Husky Stadium
by AutumnSpectacle.com staff   E-mail

Football at the University of Washington means a visit to one of the most distinctive and scenic venues in the country. Husky Stadium offers a view of the Cascade Mountains across Union Bay, the Space Needle, the floating bridge on Lake Washington and Mount Ranier, rising in the distance.


courtesy UW SID

The horseshoe-shaped stadium is accessible by water, and more than 5,000 “sterngaters” take advantage at each home game, arriving in over 400 vessels of all sizes – from small cabin cruisers to 65-foot yachts. Moored and anchored, the boats create a unique and festive tailgating area.
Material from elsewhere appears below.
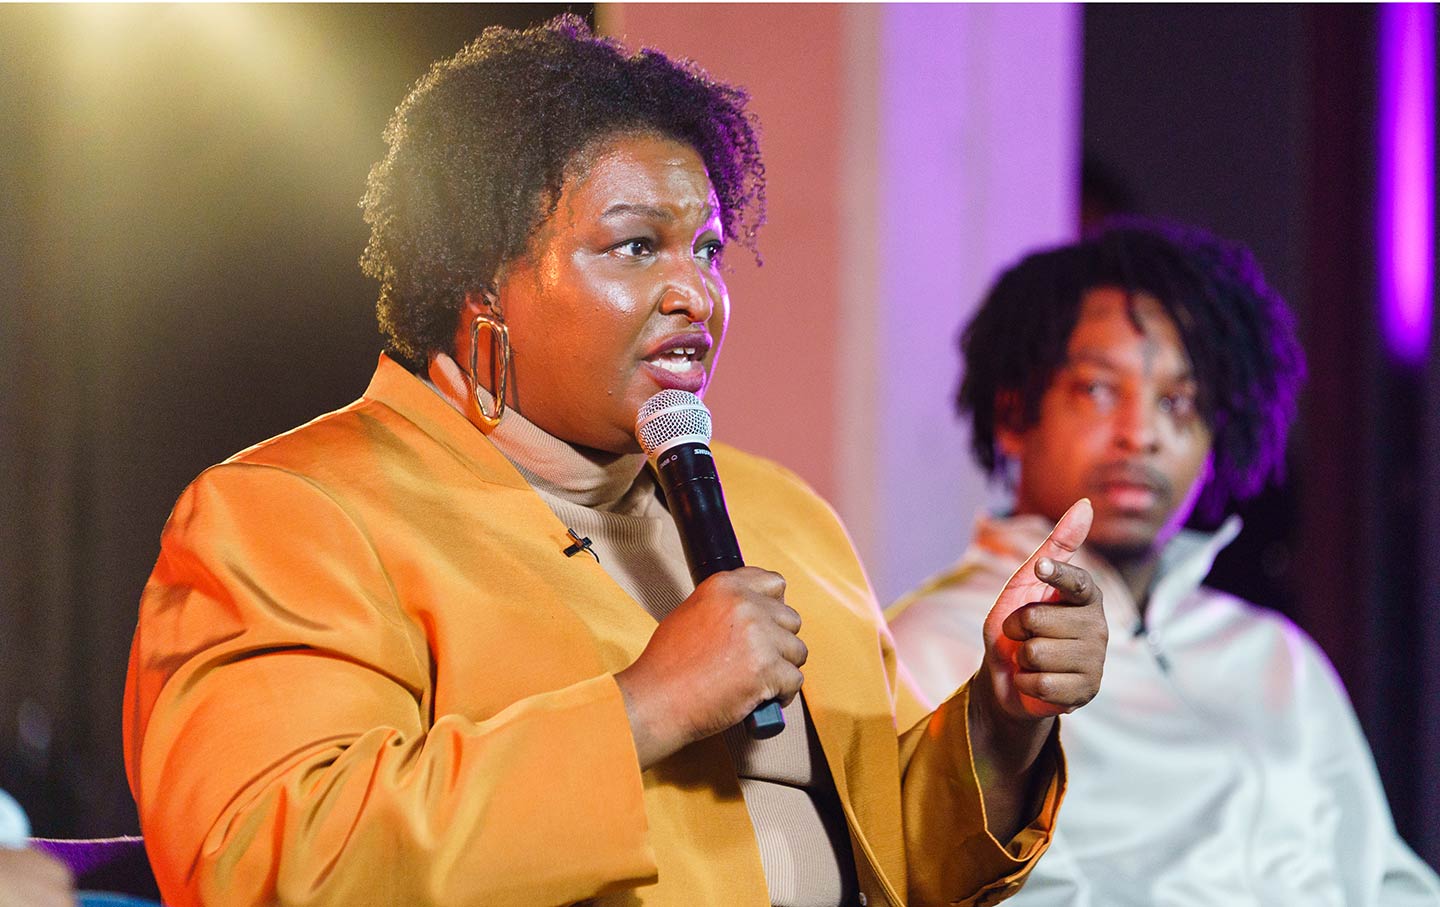 Stacey Abrams at a campaign event

As game time approaches, the Husky Band belts out the fight song, “Bow Down to Washington,” and Spirit, the Alaskan malamute live mascot, roams the sidelines as the Huskies take the field.
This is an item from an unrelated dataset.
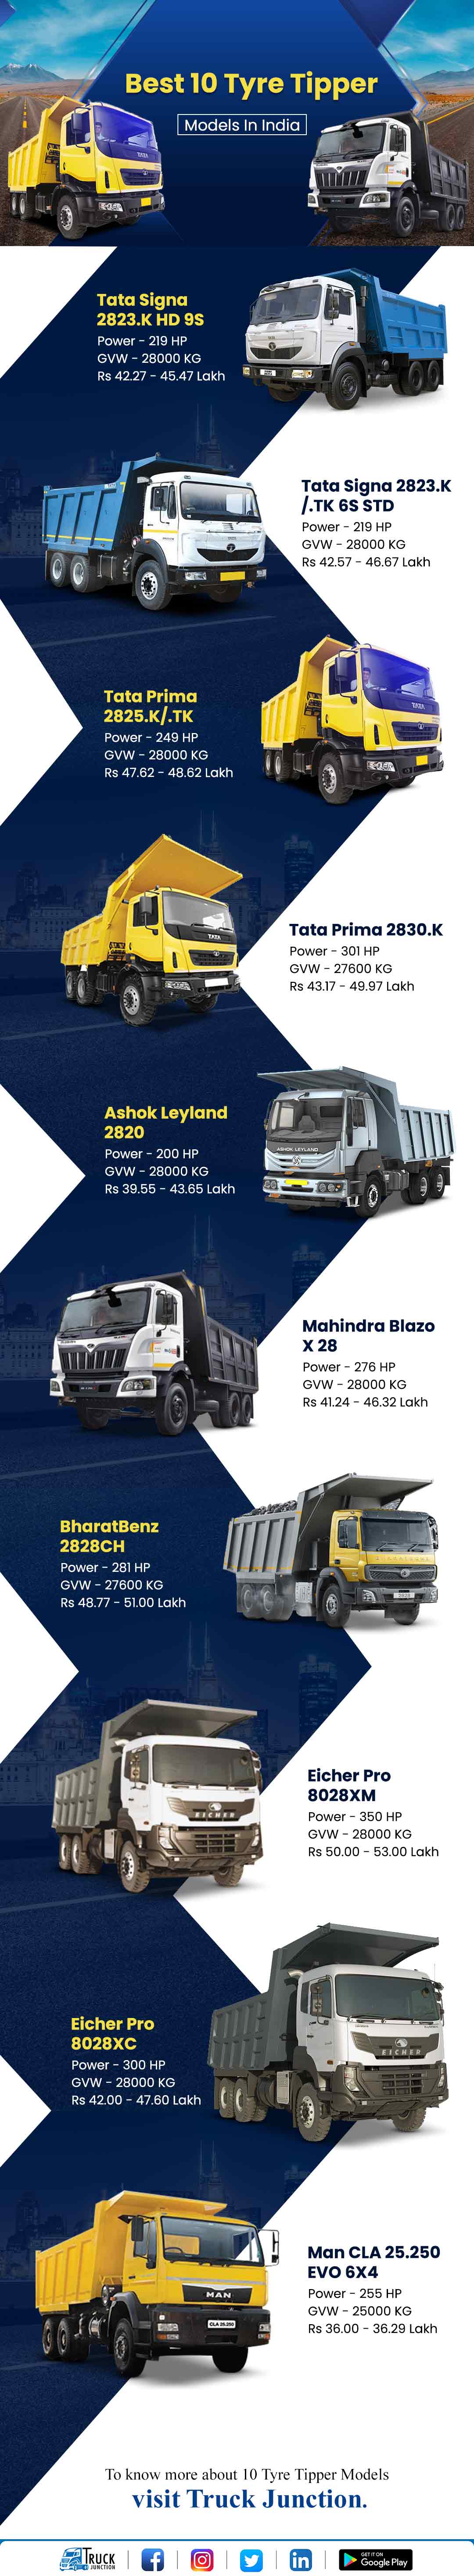 10 Tyre Tipper Models infographic

Built in 1920, with a seating capacity of 72,500, Husky Stadium is the largest stadium in the Pacific Northwest, and one of the loudest in college football.  During the 1992 Nebraska game, ESPN measured the noise level at 135 decibels.  The structure features cantilevered upper-deck roofs on the north and south sides, which protect about 6,000 seats from Seattle’s frequent showers, and serve to increase the noise level, when UW fans are letting the Huskies know how they feel.
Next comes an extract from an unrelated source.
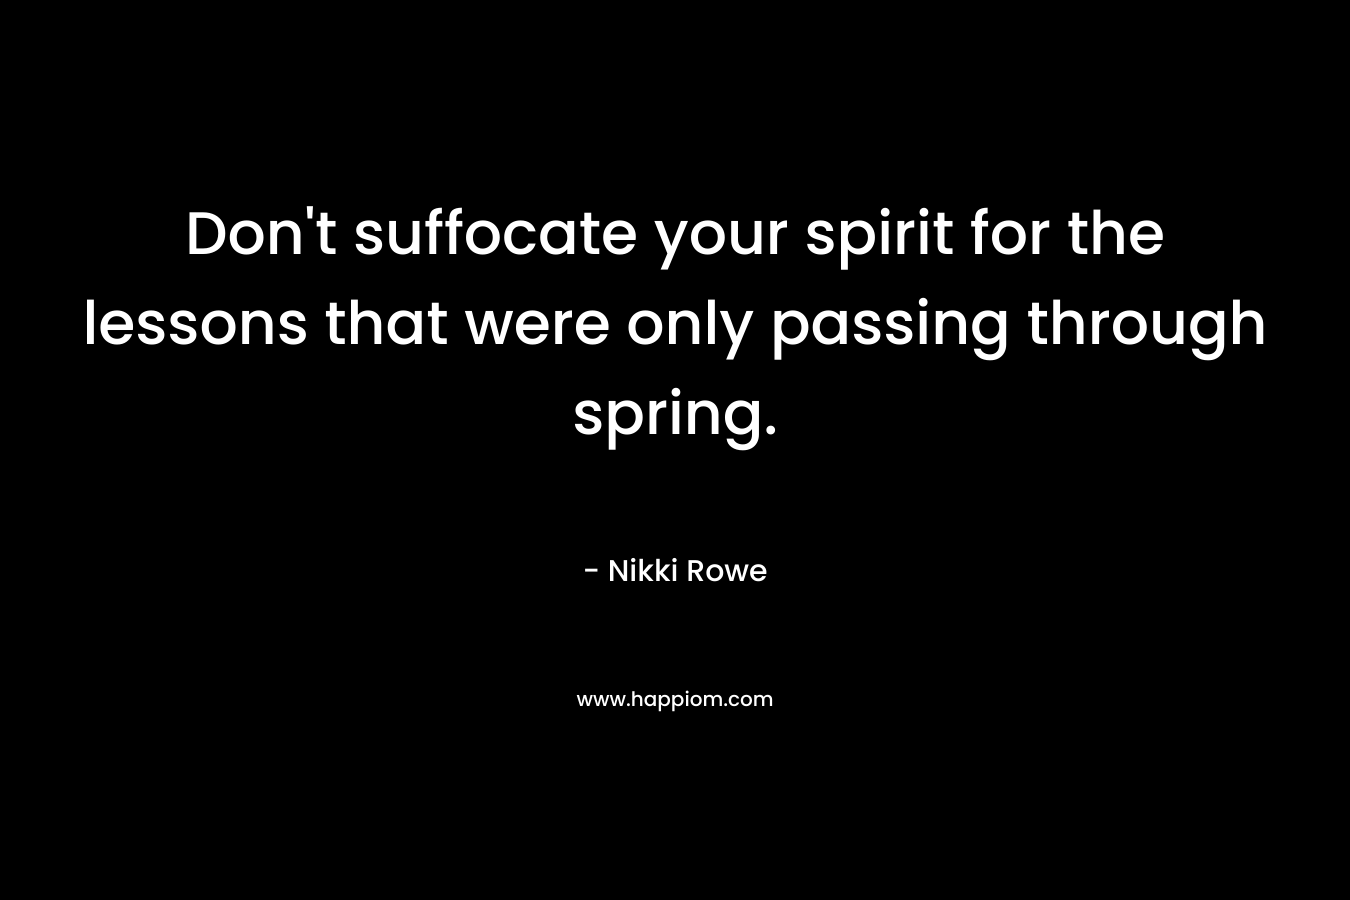 Don't suffocate your spirit for the lessons that were only passing through spring.

A “moat” surrounds three-fourths of the stadium’s inside perimeter. Small ramps cross the moat for access to the field from the stands.  The moat is 8 feet wide by 5 feet deep, and was installed to collect and drain runoff water. On Halloween 1992, the moat became a proud part of Husky lore, when the Stanford Tree mascot fell in.

All in all, Husky Stadium provides a magnificent and unique setting for Washington Huskies football and fun, on Saturdays in the fall.